- What is required:
Please copy each line of the listing below precisely, excluding the images.

Raw data Block Start

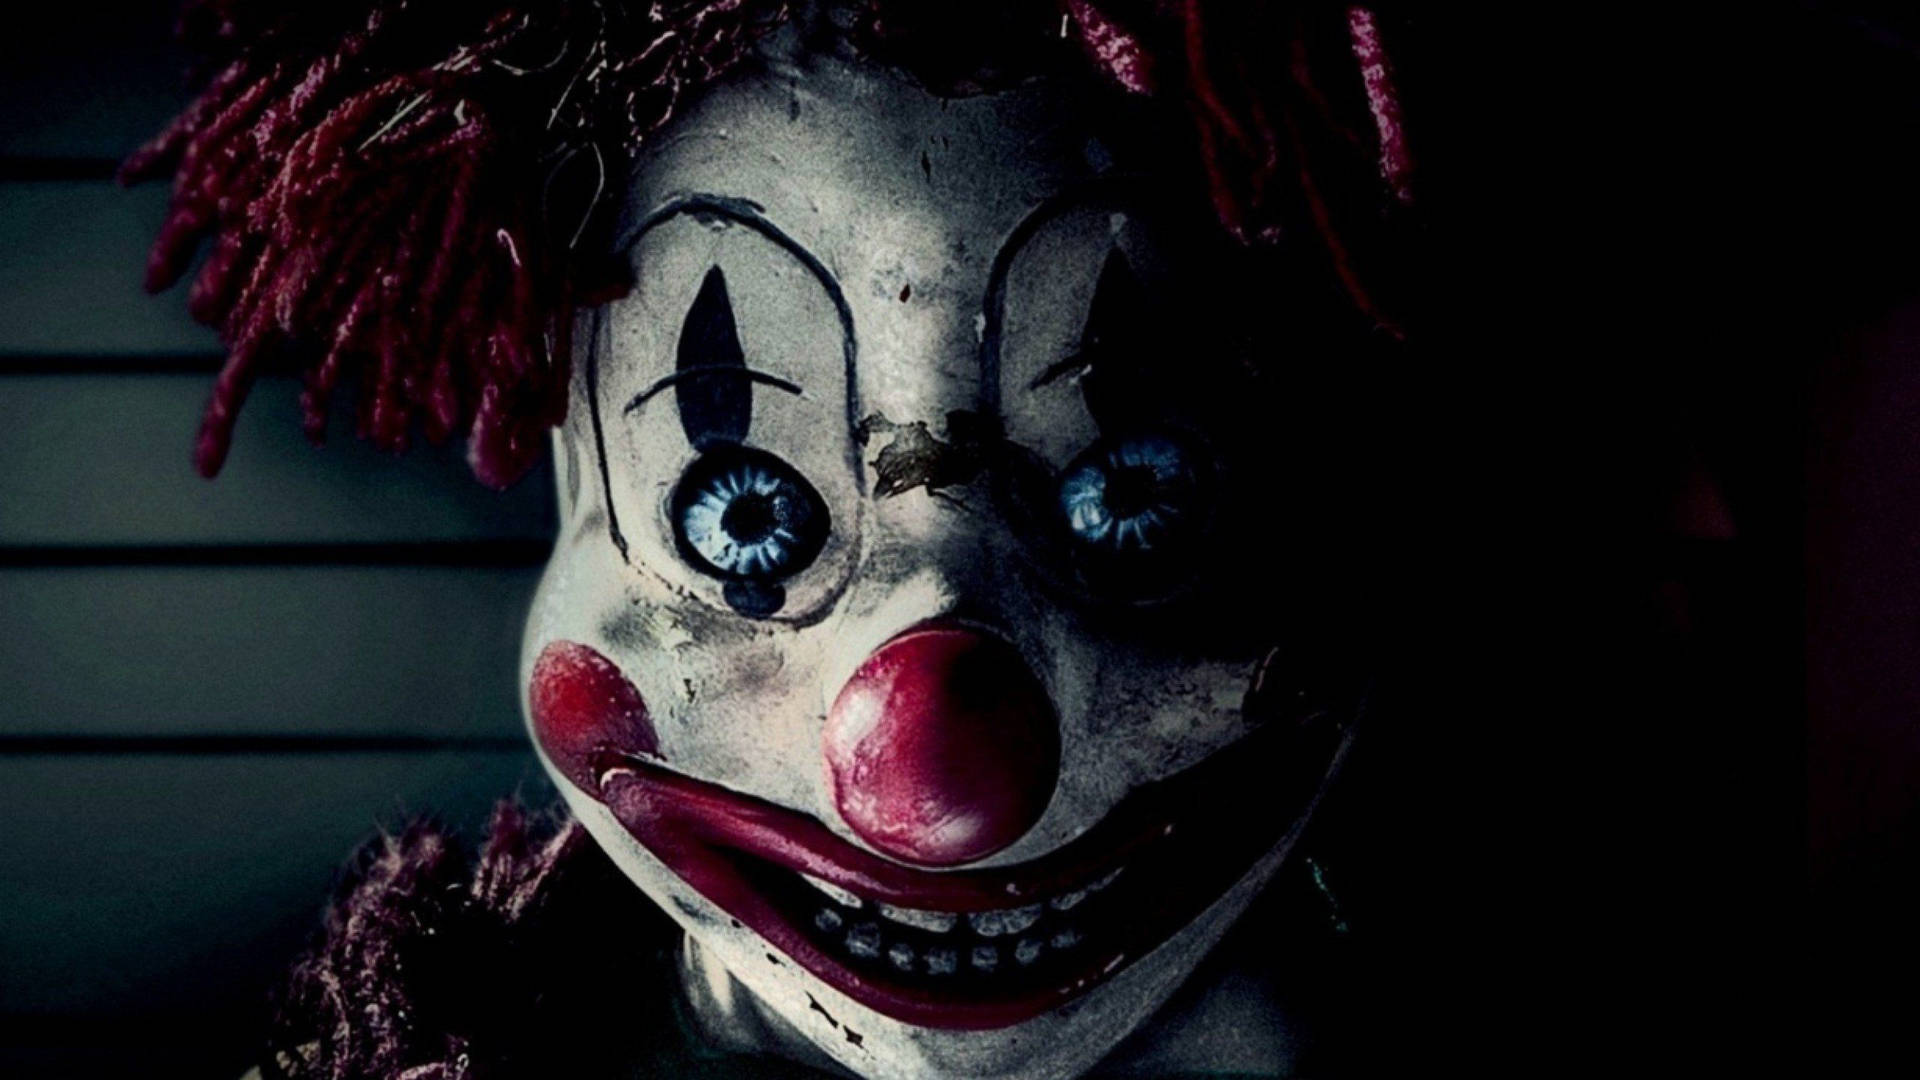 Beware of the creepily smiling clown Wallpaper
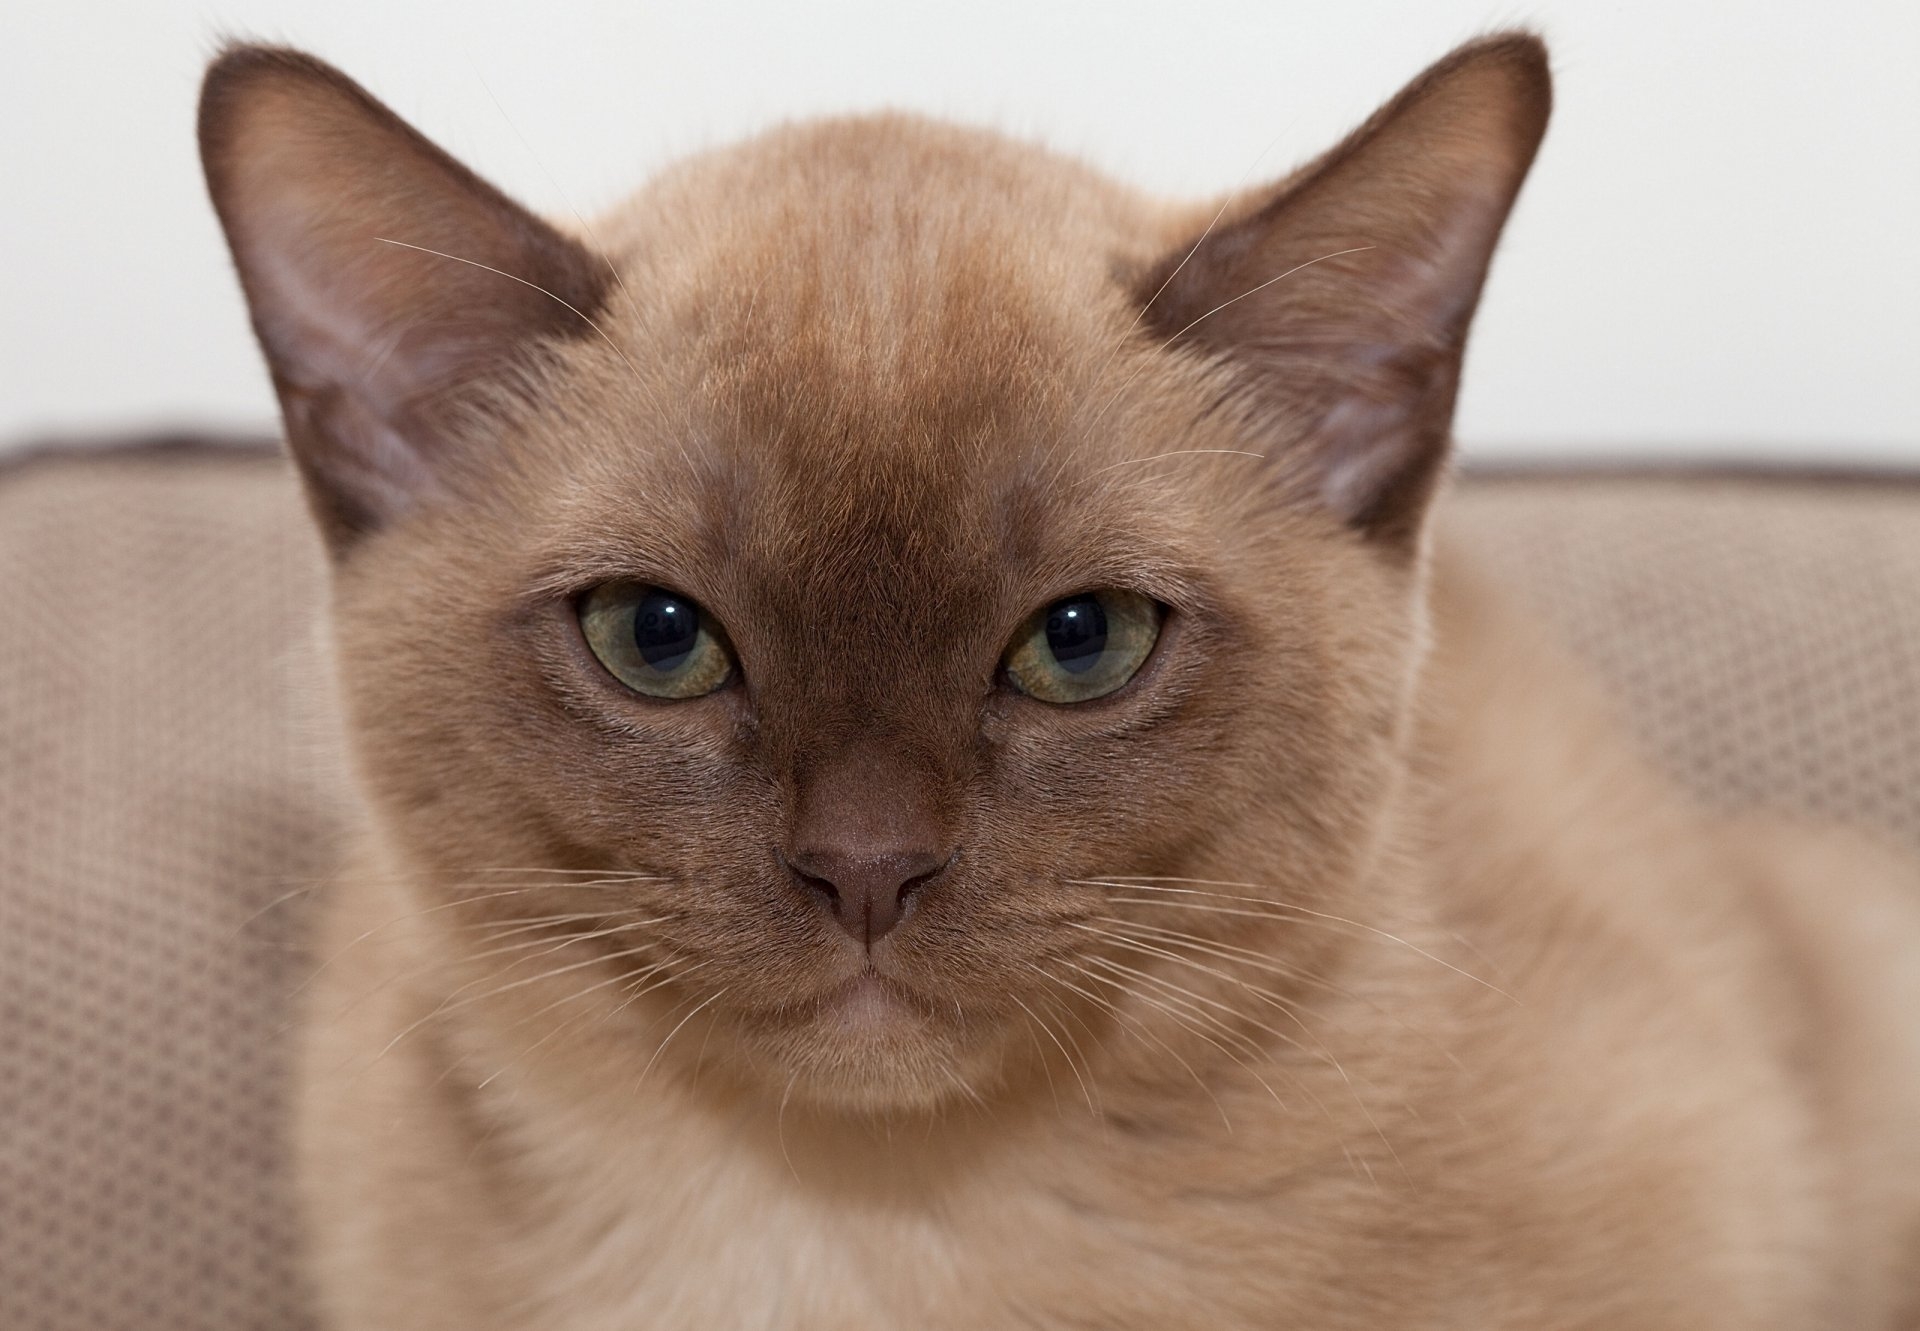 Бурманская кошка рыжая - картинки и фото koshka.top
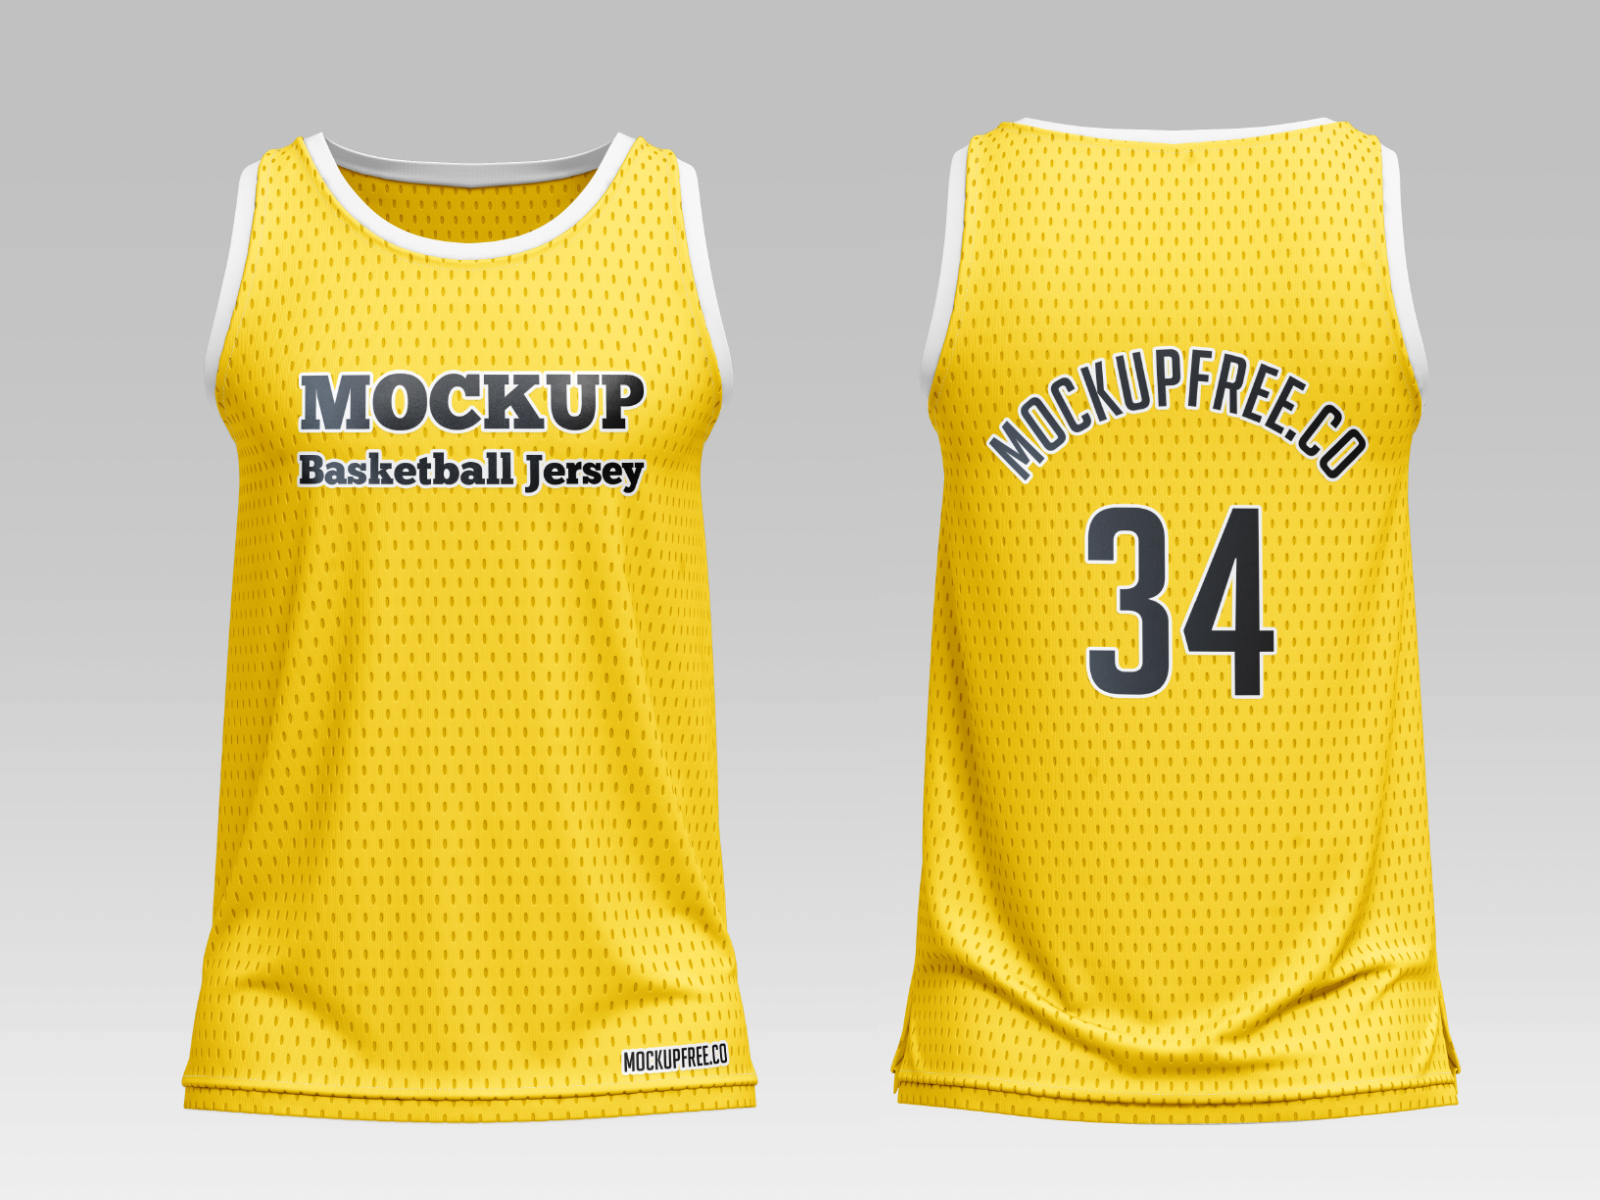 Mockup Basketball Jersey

Raw data Block End

- Solved problem:
 Beware of the creepily smiling clown Wallpaper
 Бурманская кошка рыжая - картинки и фото koshka.top
 Mockup Basketball Jersey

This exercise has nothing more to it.